Task goal:
Your answer must be exactly the lines from the one containing "Είκοσι τέσσερα μέλη" through the end of the material, both ends included, without pictures.

Supplied information:
= Beginning of Section =

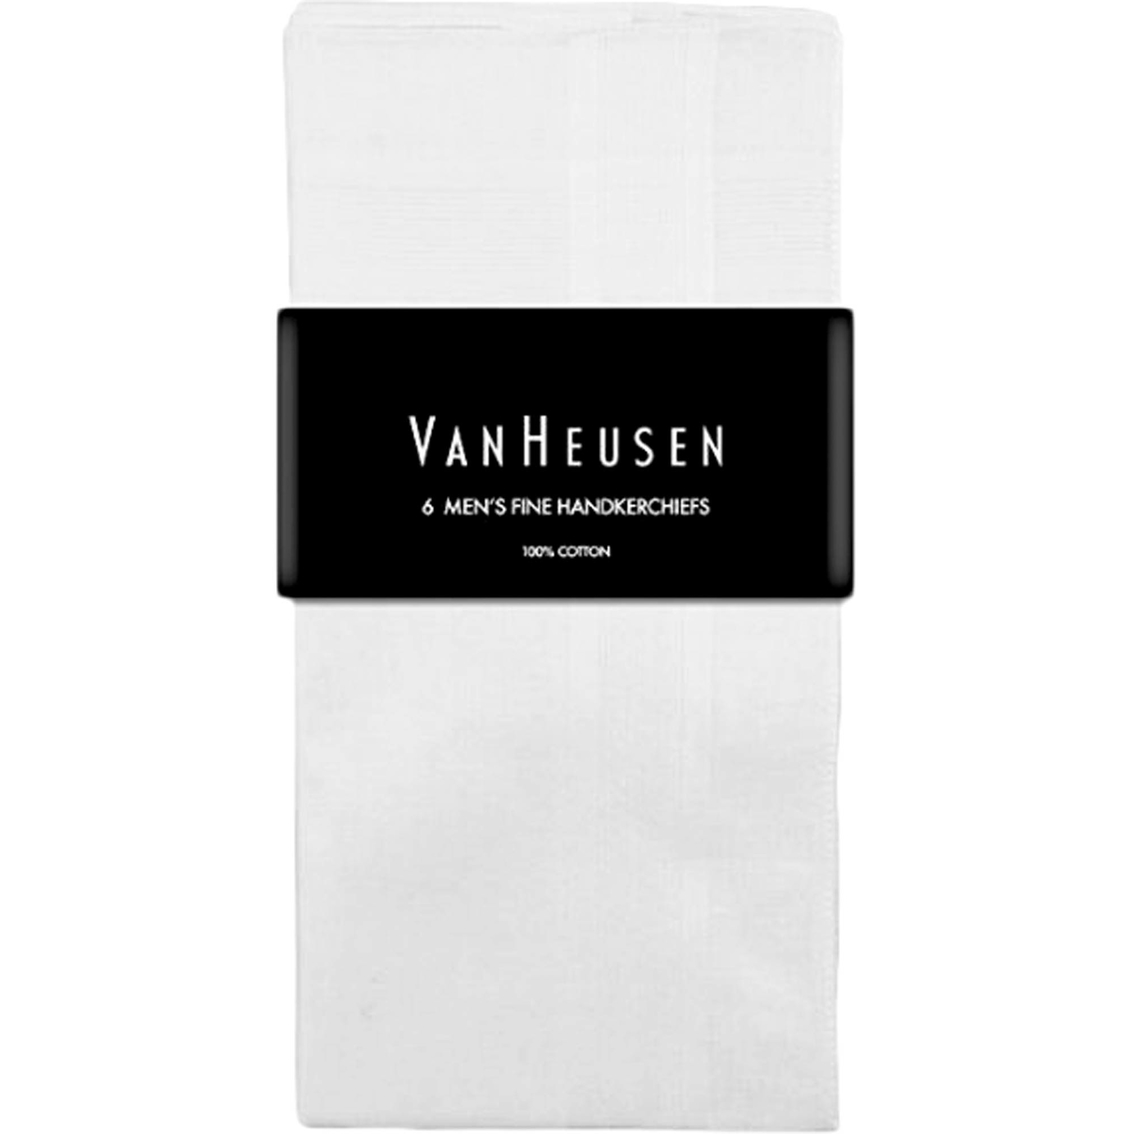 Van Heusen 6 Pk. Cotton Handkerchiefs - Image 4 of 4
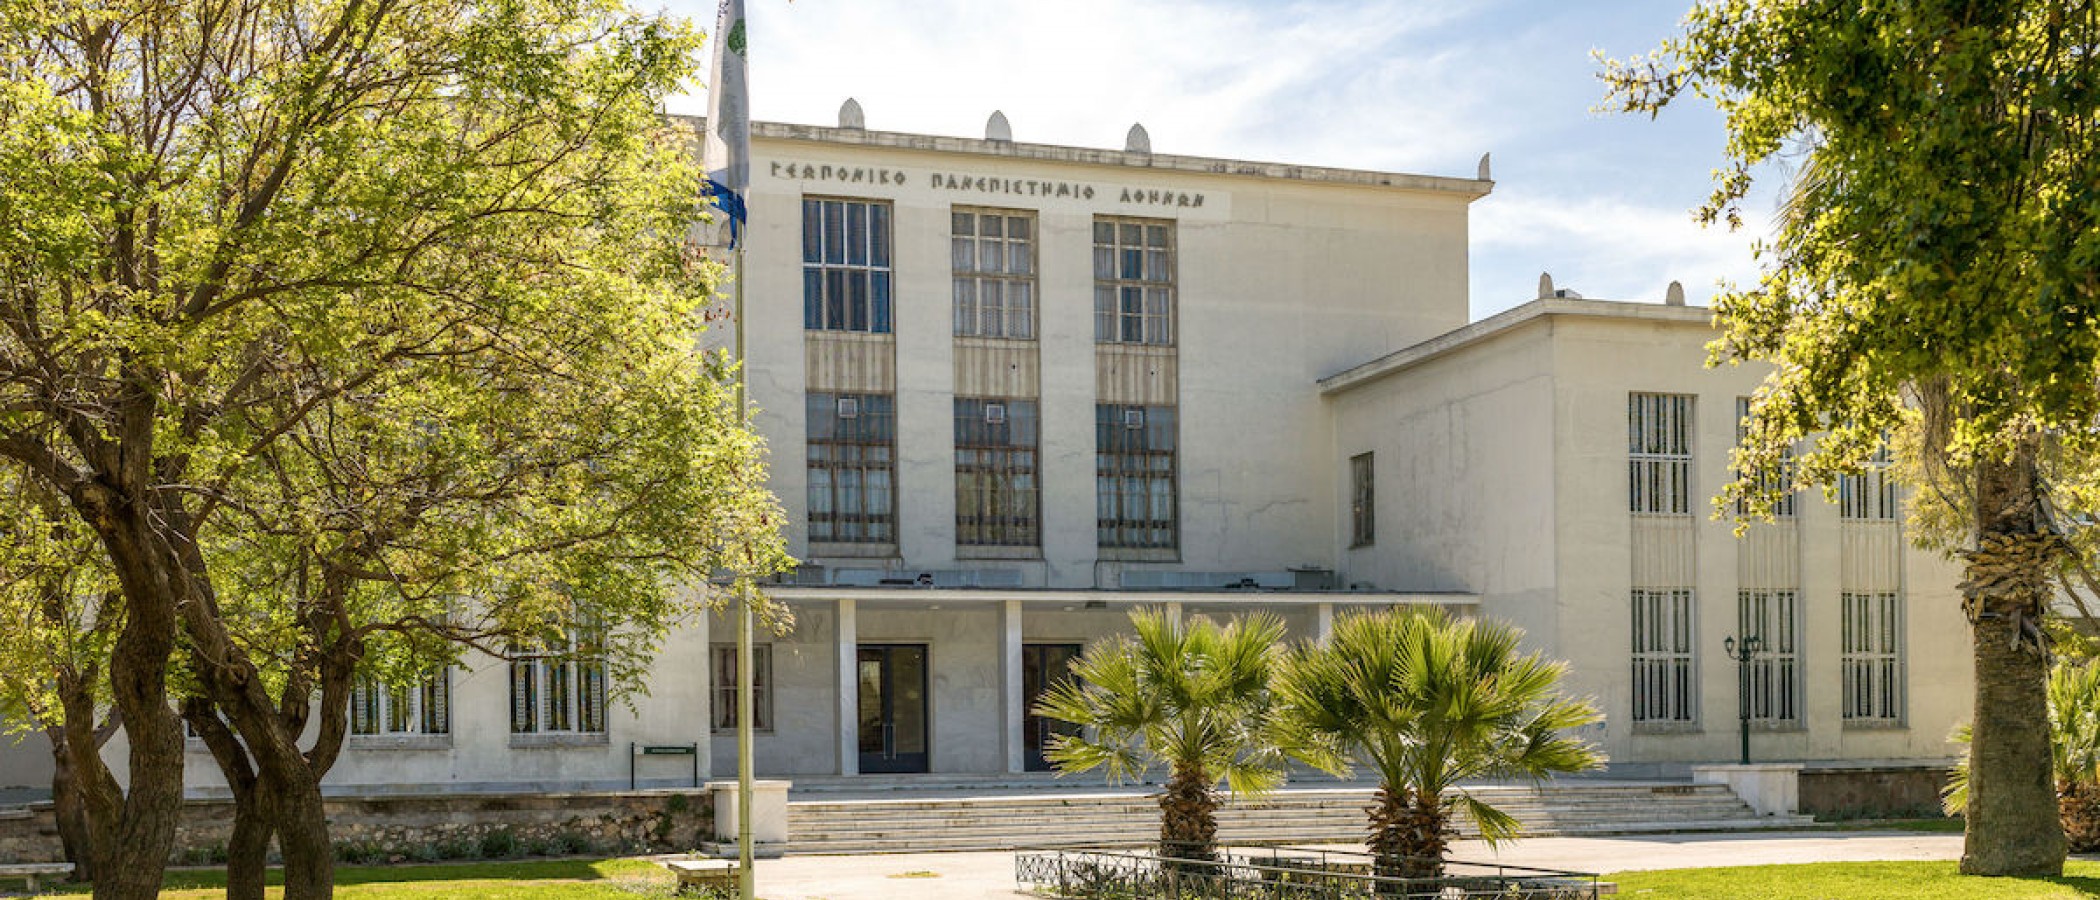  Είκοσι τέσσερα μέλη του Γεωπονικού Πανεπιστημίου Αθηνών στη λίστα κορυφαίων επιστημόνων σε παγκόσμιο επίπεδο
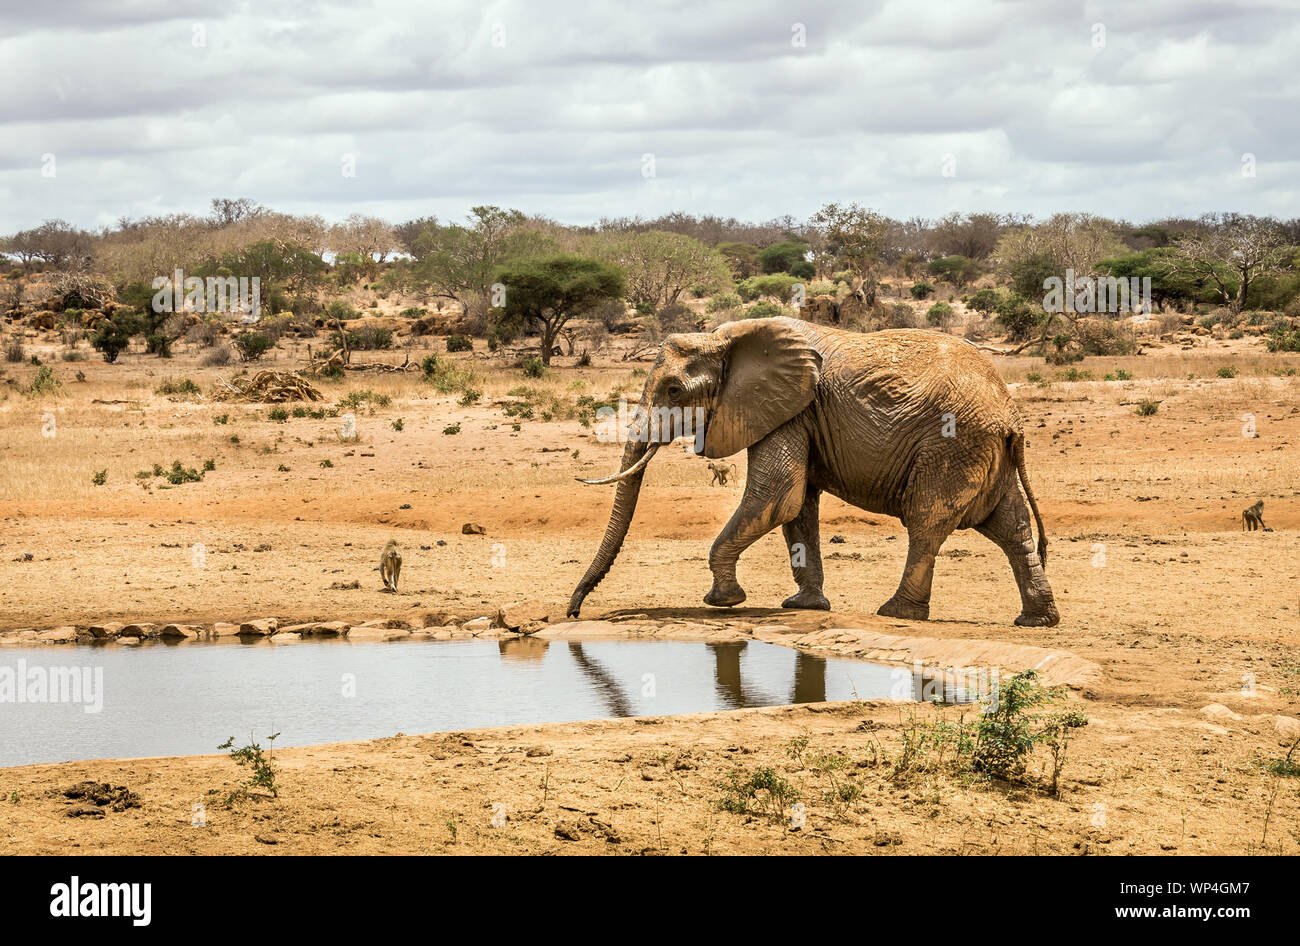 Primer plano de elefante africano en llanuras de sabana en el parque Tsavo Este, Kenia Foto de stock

= End of Section =

Problem solution:
  Είκοσι τέσσερα μέλη του Γεωπονικού Πανεπιστημίου Αθηνών στη λίστα κορυφαίων επιστημόνων σε παγκόσμιο επίπεδο
 Primer plano de elefante africano en llanuras de sabana en el parque Tsavo Este, Kenia Foto de stock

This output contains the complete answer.